In Matthew 2, the story of the magi starts with a single word: Behold.
Because we've heard the word in telling after telling of the Christmas story, it's easy to become desensitized to it. But when Matthew writes "Behold," he says: Hey, listen up. Pay close attention. What I'm about to tell you is a big deal, and I need you to see this.
The magi coming was not extraordinary because they traveled far.
The magi coming was not impressive because they brought gifts.
The magi coming was notable, something to behold, because the magi were not kings— they were Pagan sorcerers.
Magi comes from the word "magic." Their visit is a big deal because they were a) not believers and b) not the people you would expect to bow down and worship Jesus. Imagine Harry Potter, Merlin, Dumbledore, and Gandalf showing up to see the baby. That's the picture we're painting with these fellows.
These magi specialized in dark arts (so maybe throw Voldemort in the lineup, too). They were astrologers who believed in pagan practices. You can find them in the book of Exodus, working in Pharoah's court to stand up against Moses with their magic tricks. They were the people who had violated the Old Testament, and the point of them being in this story is clear: though so many might write these magi off, God doesn't.
Charles Spurgeon wrote, “It was far-reaching mercy which gathered from lands which lay in darkness a company of men made wise unto salvation.”
Isaiah 60:3 reads as prophecy, "Nations will come to your light, and kings to the brightness of your rising."
These pagan astrologers from the East were proof of the nations' arrival to worship Jesus. They were gentiles. They were considered "unclean." And when they saw the child and his mother, the scripture says they fell and worshipped him at once.
God ushers them into the story.
God wants them at the forefront.
God is saying, "This is the new narrative. A narrative where the people who most need a savior can finally, finally find one."
As Christians, we easily forget that this story is not all about us as believers. It has never been, and it never will be. When God picks sorcerers to be the first to behold his bigger plan, he lets us know that the story of the gospel is a story for everyone. For anyone who needs hope. For anyone who feels lost and broken.
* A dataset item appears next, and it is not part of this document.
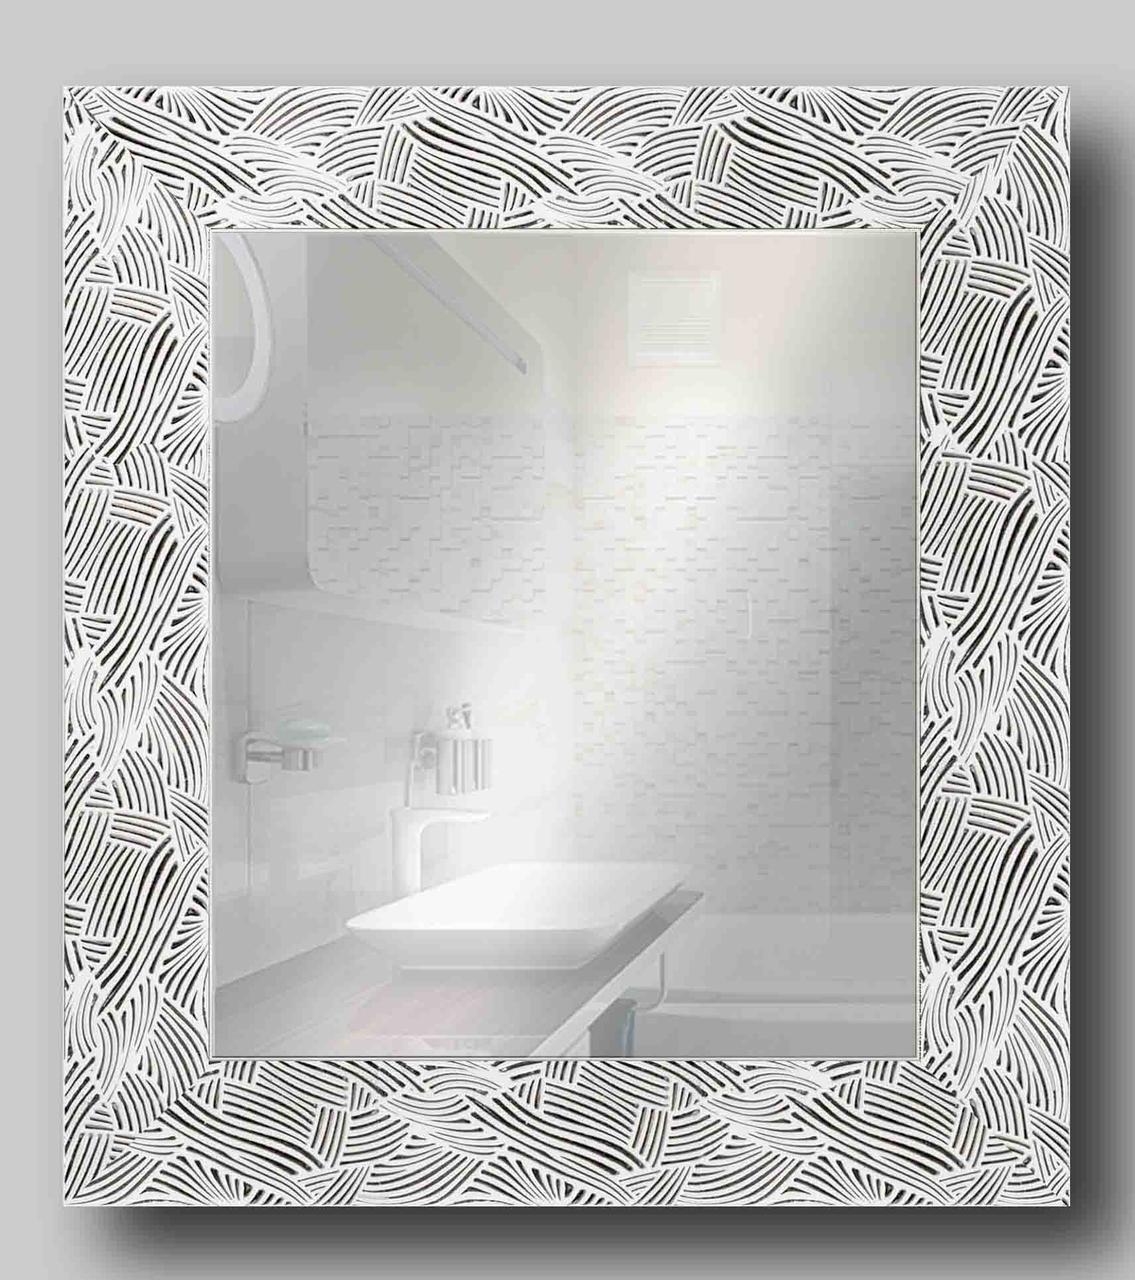 Зеркало настенное в раме Factura White pattern 48.5х53.5 см белое

For anyone who wishes to turn their back on things that never filled them so they could finally feel whole.
He wants us to know that by excluding people or discounting people, we miss the point of Jesus coming in the first place.
He came for the unlikely.
He came for the lowly.
He came for the ones we'd likely give up on.
He came for the ones who'd been kicked out and crushed.
The story of Jesus is first a "come and see" story meant to extend to all. Outwards and outwards to touch the nations. It is not a tale of exclusivity or an account to be wielded like a sword to cut others. It is an invitation, open to everyone, to come and see what's so different about a baby lying in a feeding trough.